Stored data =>
══════════════════════════════
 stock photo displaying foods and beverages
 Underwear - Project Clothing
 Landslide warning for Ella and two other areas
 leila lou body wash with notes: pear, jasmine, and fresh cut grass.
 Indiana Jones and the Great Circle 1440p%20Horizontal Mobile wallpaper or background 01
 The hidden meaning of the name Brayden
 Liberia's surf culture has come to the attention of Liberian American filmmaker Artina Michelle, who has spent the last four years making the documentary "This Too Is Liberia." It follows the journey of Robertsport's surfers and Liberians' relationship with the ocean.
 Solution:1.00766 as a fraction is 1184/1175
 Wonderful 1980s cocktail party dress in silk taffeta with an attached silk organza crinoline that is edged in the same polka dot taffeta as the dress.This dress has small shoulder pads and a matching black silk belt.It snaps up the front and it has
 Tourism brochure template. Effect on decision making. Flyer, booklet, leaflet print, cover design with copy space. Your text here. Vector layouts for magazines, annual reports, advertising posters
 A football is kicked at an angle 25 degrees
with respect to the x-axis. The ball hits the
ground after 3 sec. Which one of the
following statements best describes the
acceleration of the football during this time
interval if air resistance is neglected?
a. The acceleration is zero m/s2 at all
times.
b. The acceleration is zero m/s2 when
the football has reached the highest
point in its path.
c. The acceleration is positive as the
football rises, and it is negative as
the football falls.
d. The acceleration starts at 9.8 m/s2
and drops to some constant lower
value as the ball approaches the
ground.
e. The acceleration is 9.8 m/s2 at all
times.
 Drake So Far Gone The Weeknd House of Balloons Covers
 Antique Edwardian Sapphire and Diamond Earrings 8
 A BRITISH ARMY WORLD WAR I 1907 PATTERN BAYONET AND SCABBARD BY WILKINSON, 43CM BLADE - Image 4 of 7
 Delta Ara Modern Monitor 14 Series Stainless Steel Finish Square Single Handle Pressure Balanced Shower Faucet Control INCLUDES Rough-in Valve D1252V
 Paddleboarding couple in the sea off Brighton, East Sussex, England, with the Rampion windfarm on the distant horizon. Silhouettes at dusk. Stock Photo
══════════════════════════════
Instructions to follow => The line containing "football rises, and it is negative as" marks where to begin; the last line of the records marks where to stop. Copy both and all between, exactly.

Answer box =>
football rises, and it is negative as
the football falls.
d. The acceleration starts at 9.8 m/s2
and drops to some constant lower
value as the ball approaches the
ground.
e. The acceleration is 9.8 m/s2 at all
times.
 Drake So Far Gone The Weeknd House of Balloons Covers
 Antique Edwardian Sapphire and Diamond Earrings 8
 A BRITISH ARMY WORLD WAR I 1907 PATTERN BAYONET AND SCABBARD BY WILKINSON, 43CM BLADE - Image 4 of 7
 Delta Ara Modern Monitor 14 Series Stainless Steel Finish Square Single Handle Pressure Balanced Shower Faucet Control INCLUDES Rough-in Valve D1252V
 Paddleboarding couple in the sea off Brighton, East Sussex, England, with the Rampion windfarm on the distant horizon. Silhouettes at dusk. Stock Photo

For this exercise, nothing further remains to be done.